Data extracted from a collection:
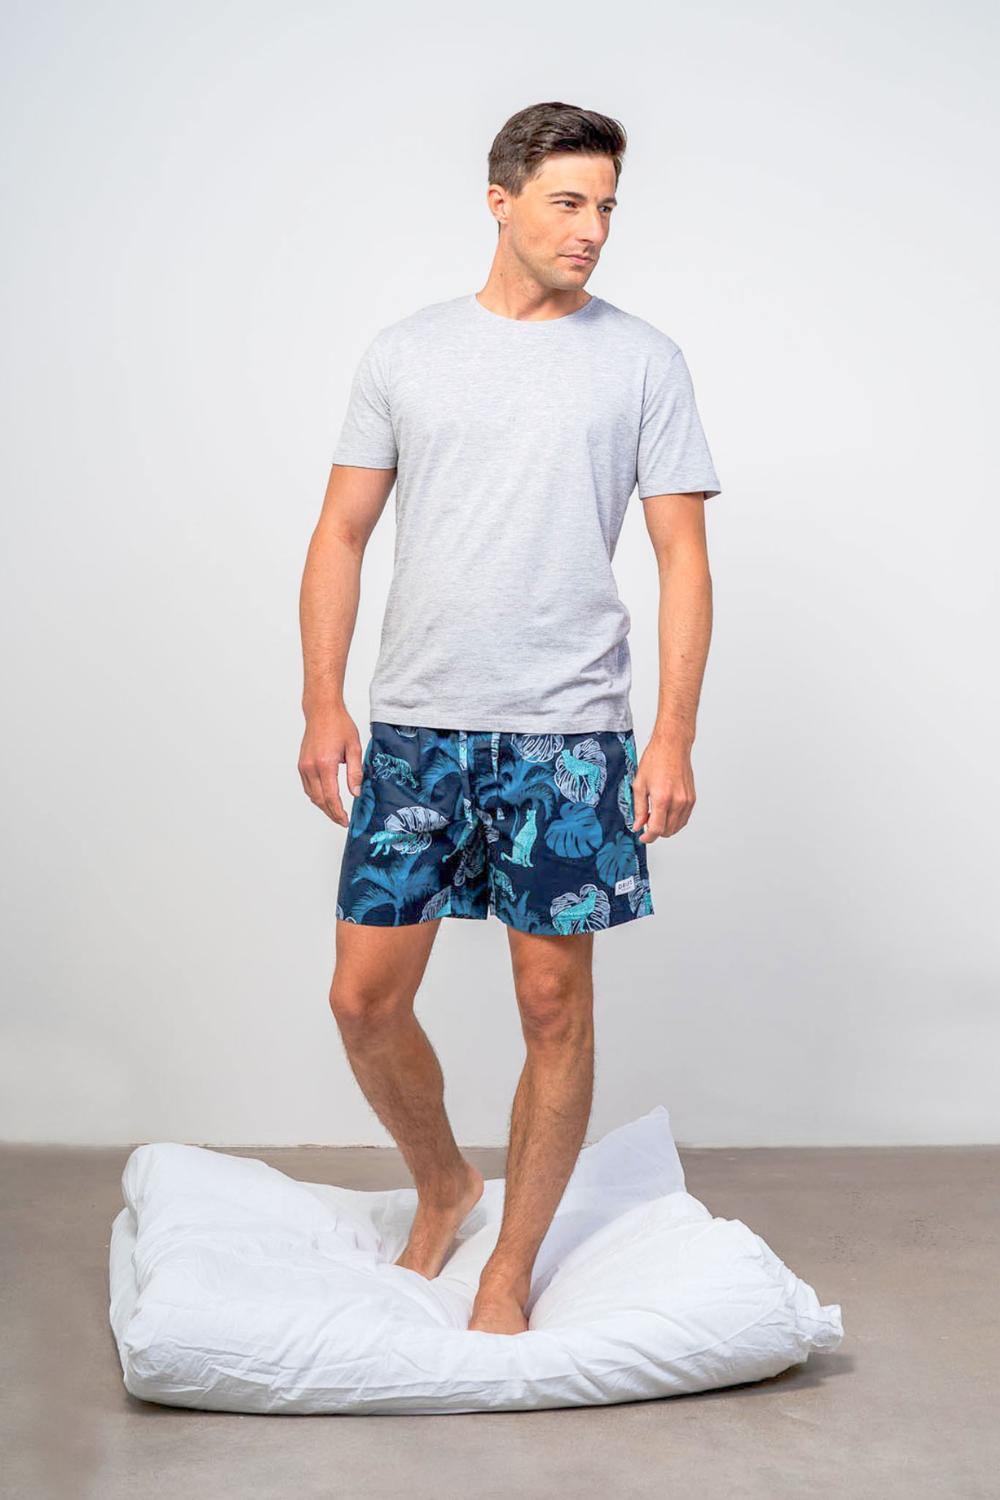 Mens Loungewear PJ Shorts Sets  Cotton Nightwear For Men – Drift Sleepwear
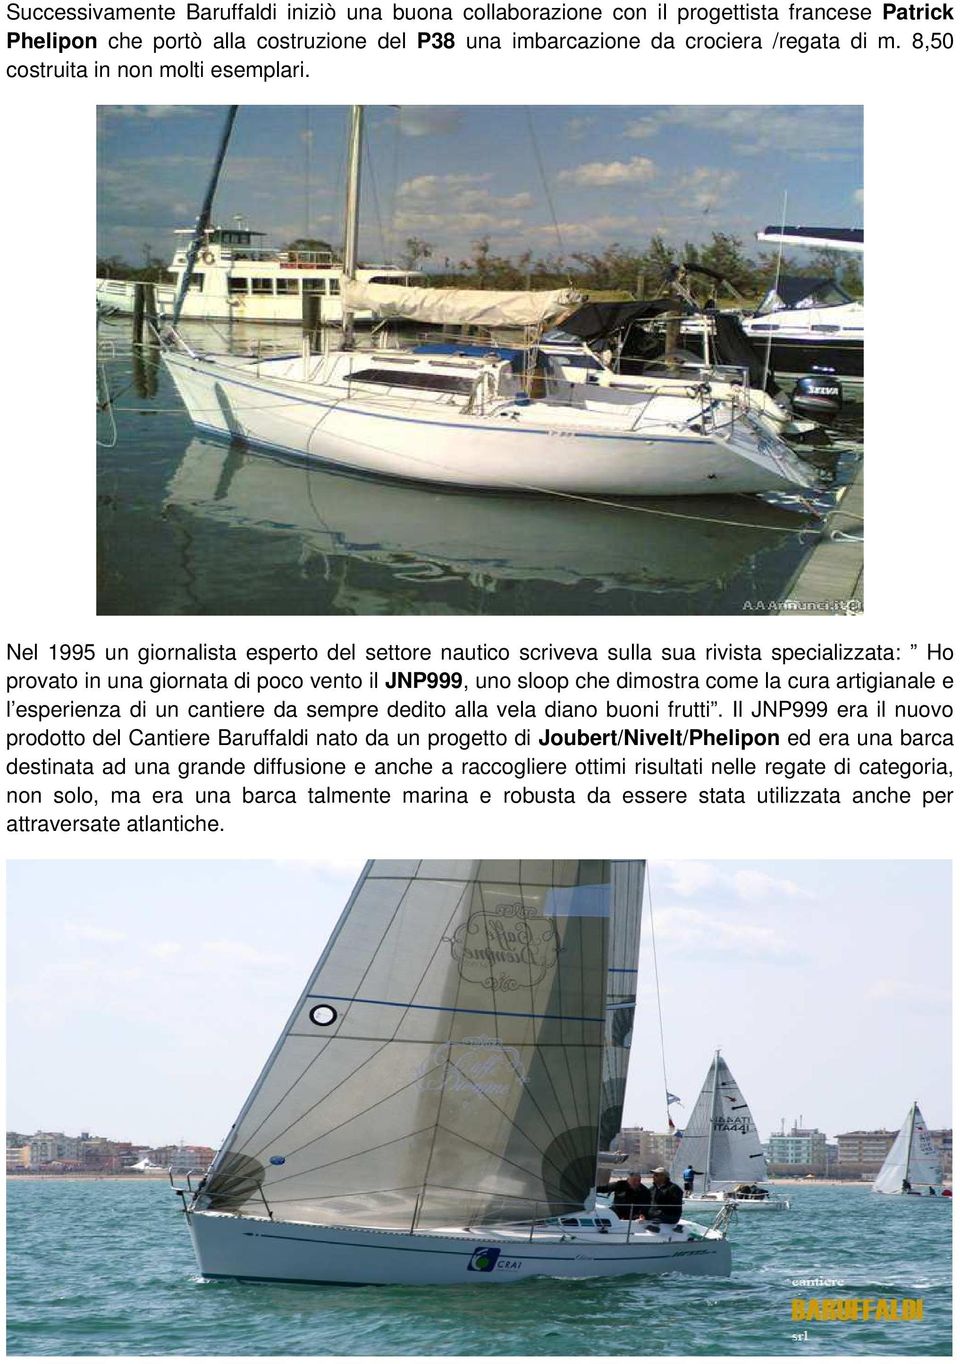 Nel 1995 un giornalista esperto del settore nautico scriveva sulla sua rivista specializzata: Ho provato in una giornata di poco vento il JNP999, uno sloop che dimostra come la cura artigianale e l
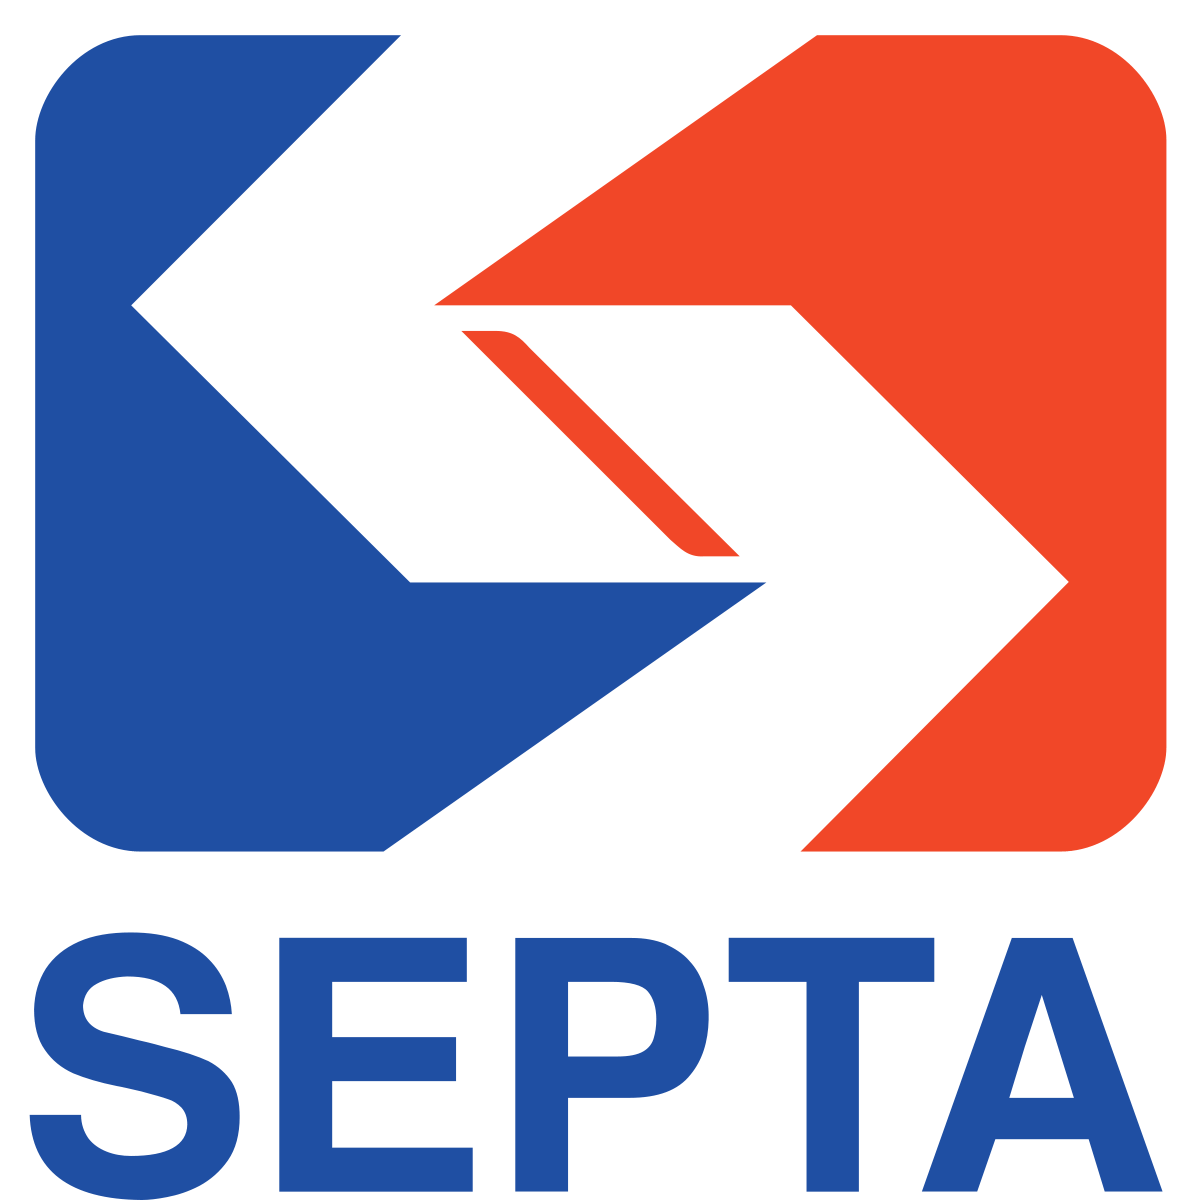 SEPTA Logo - SEPTA
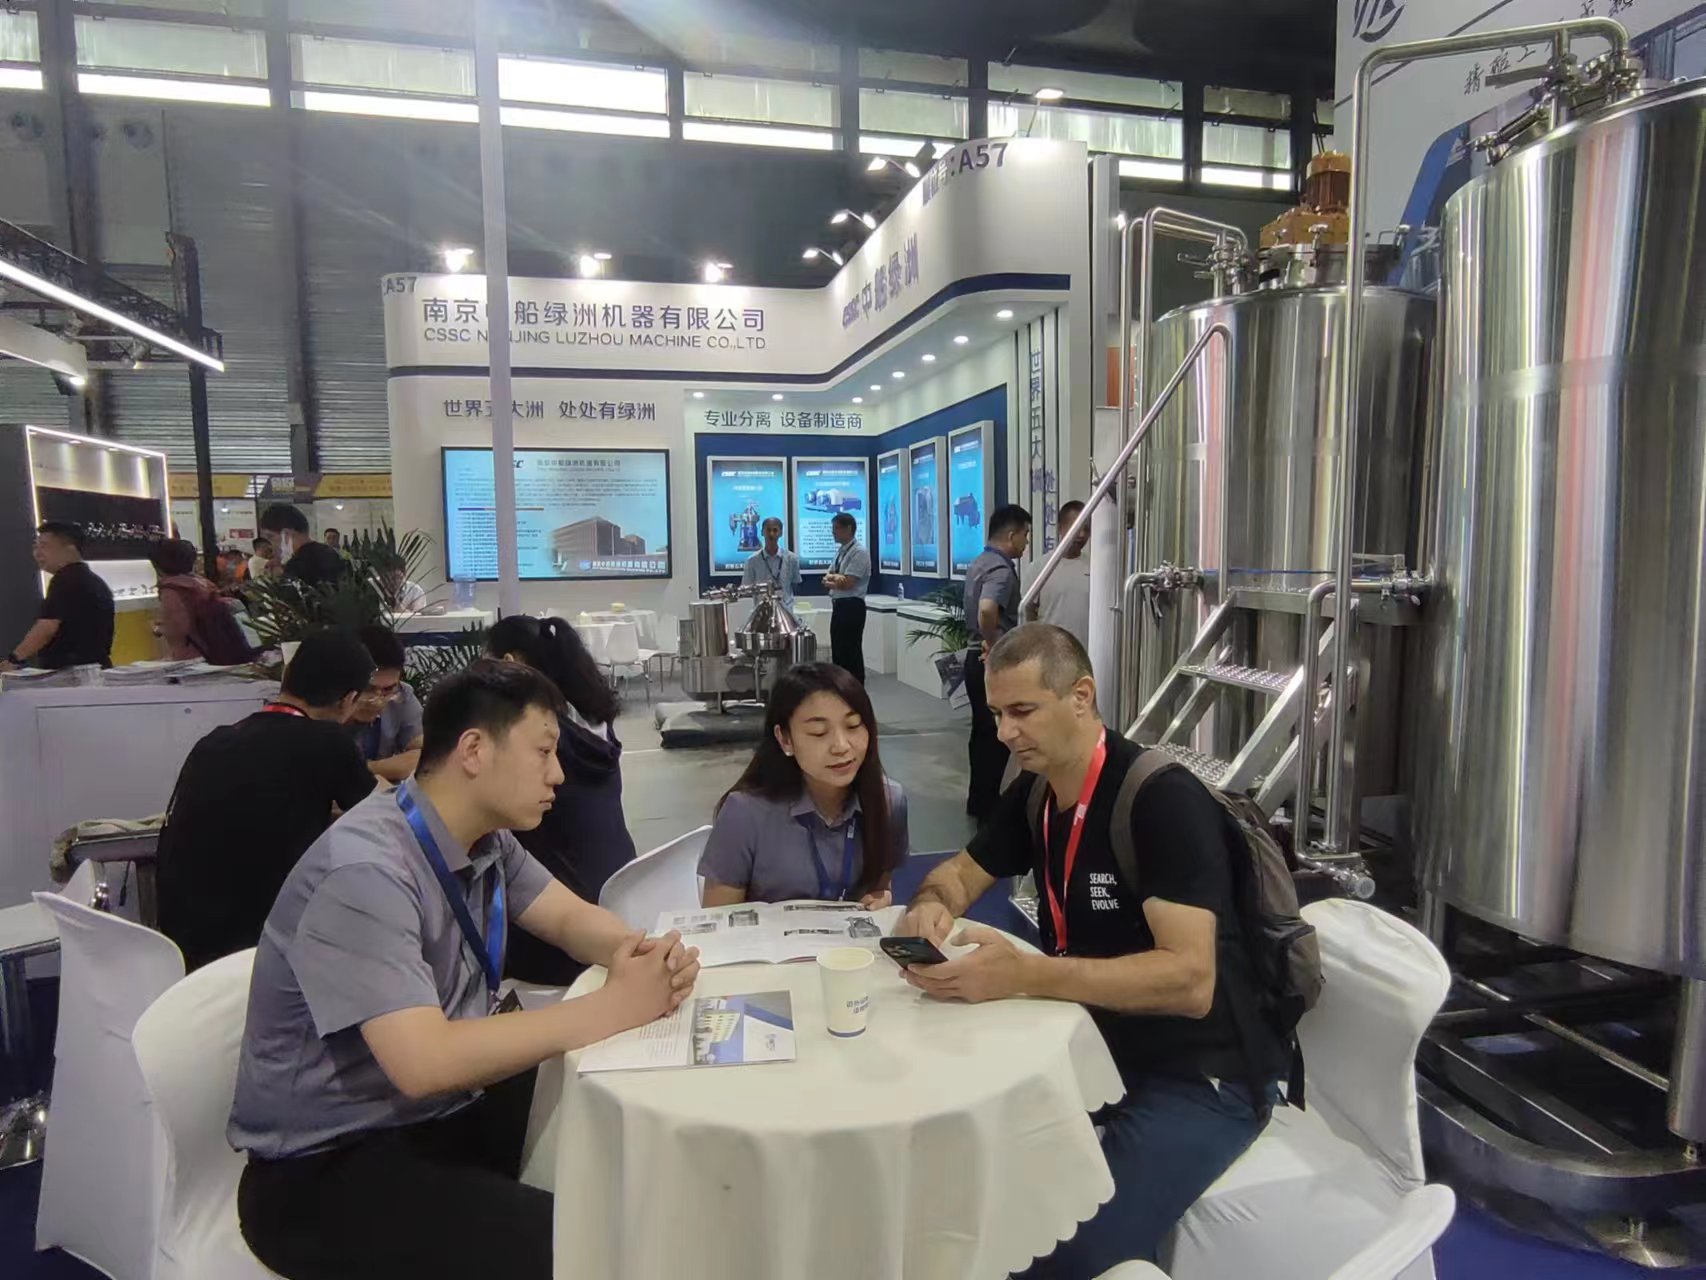 亚洲国际精酿啤酒会议暨展览会(CBCE 2023)
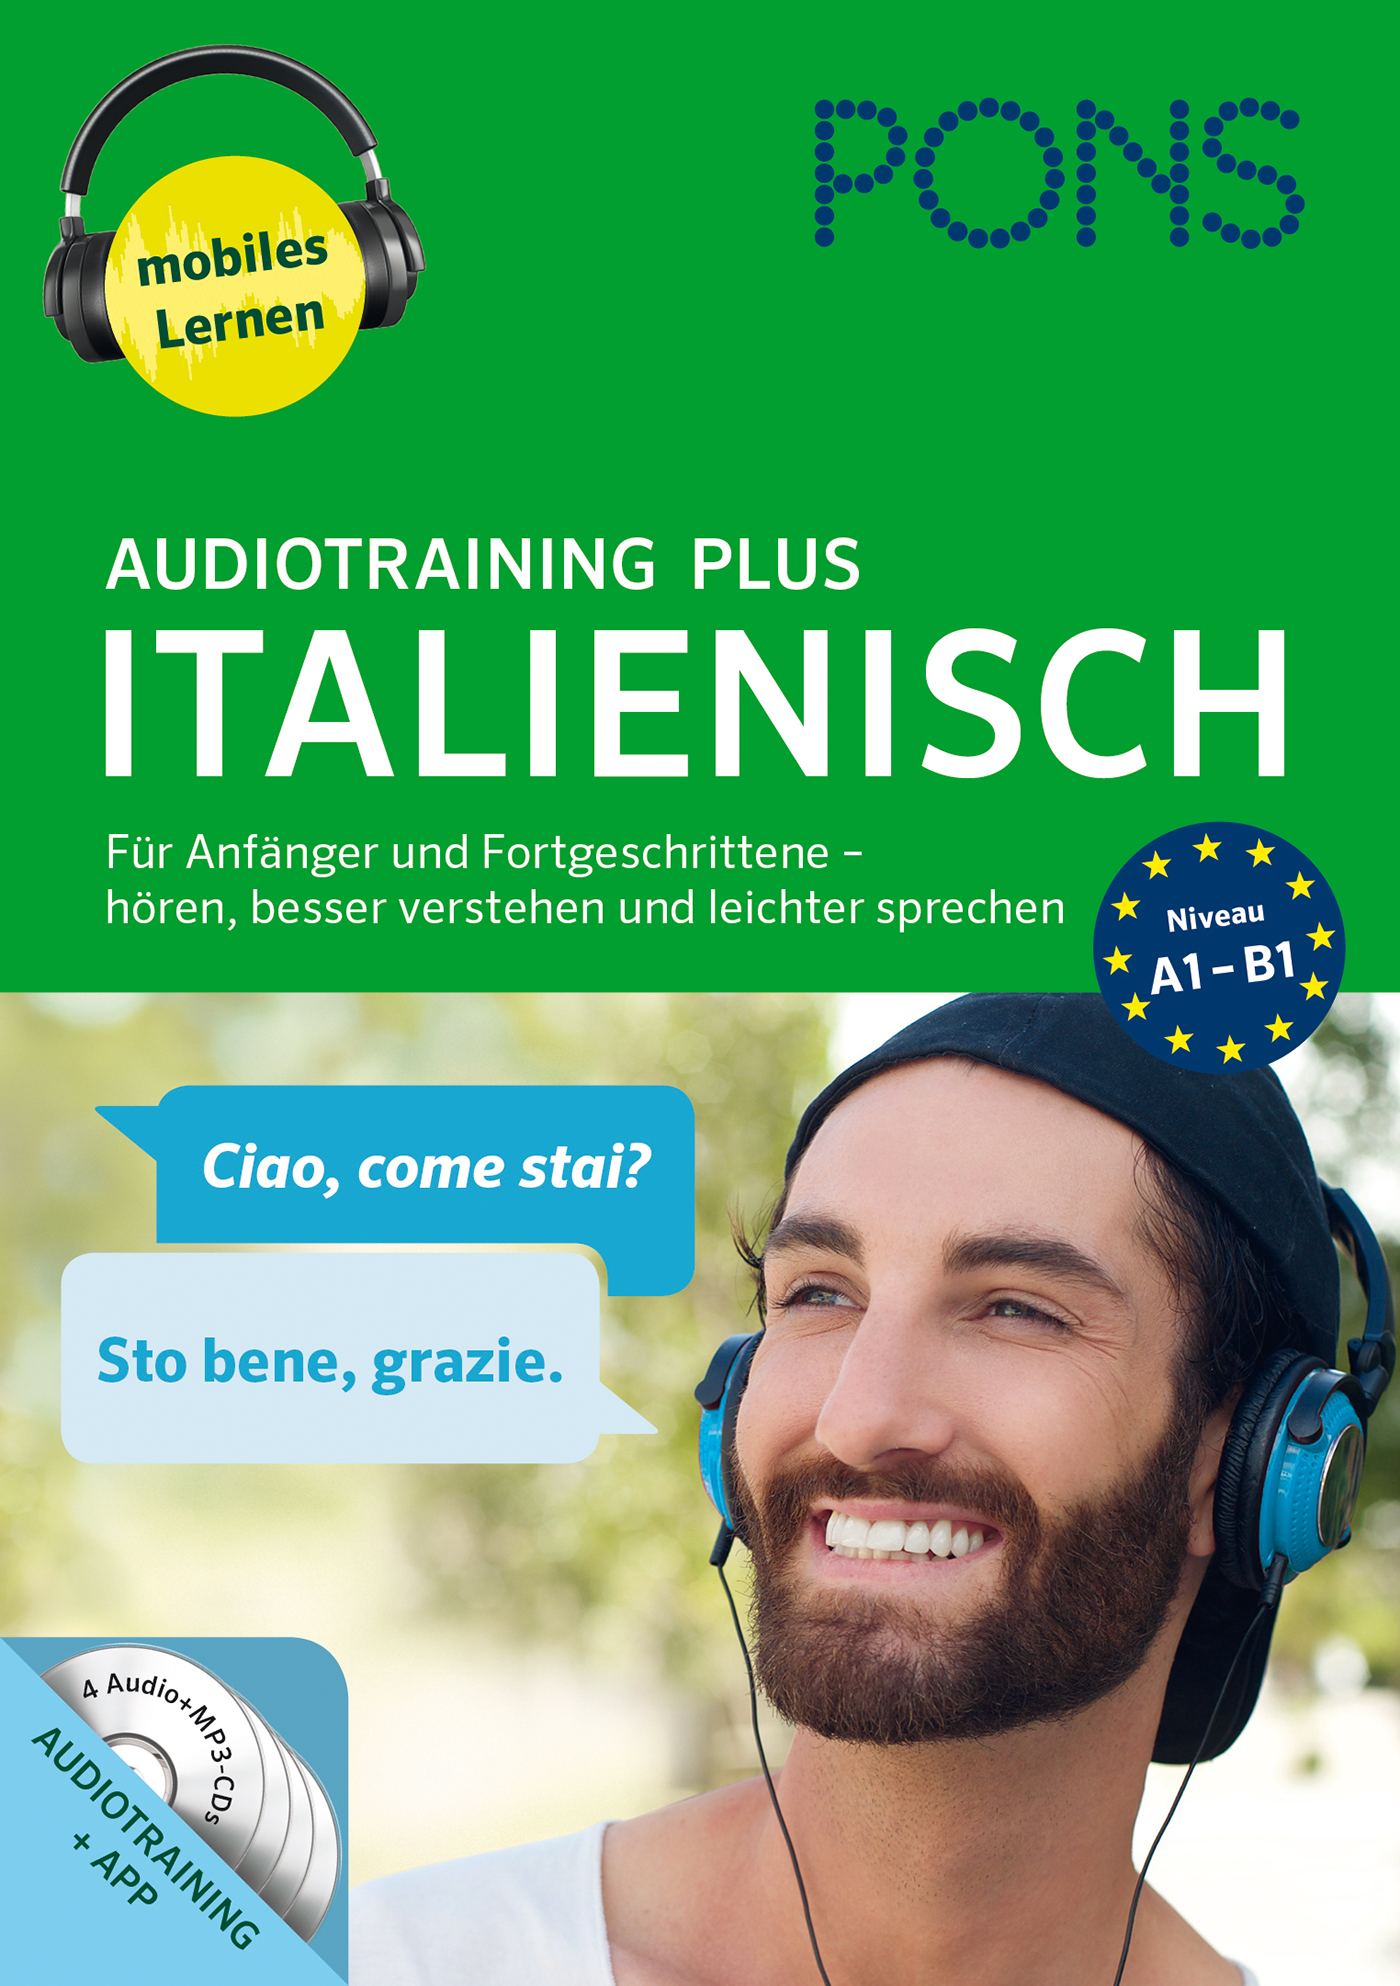 PONS Audiotraining Plus Italienisch

■ **INSTRUCTIONS TO FOLLOW**: Transcribe every entry word for word, but omit the pictures.

■ **WRITTEN SOLUTION**:
 Mens Loungewear PJ Shorts Sets  Cotton Nightwear For Men – Drift Sleepwear
 Nel 1995 un giornalista esperto del settore nautico scriveva sulla sua rivista specializzata: Ho provato in una giornata di poco vento il JNP999, uno sloop che dimostra come la cura artigianale e l
 SEPTA Logo - SEPTA
 亚洲国际精酿啤酒会议暨展览会(CBCE 2023)
 PONS Audiotraining Plus Italienisch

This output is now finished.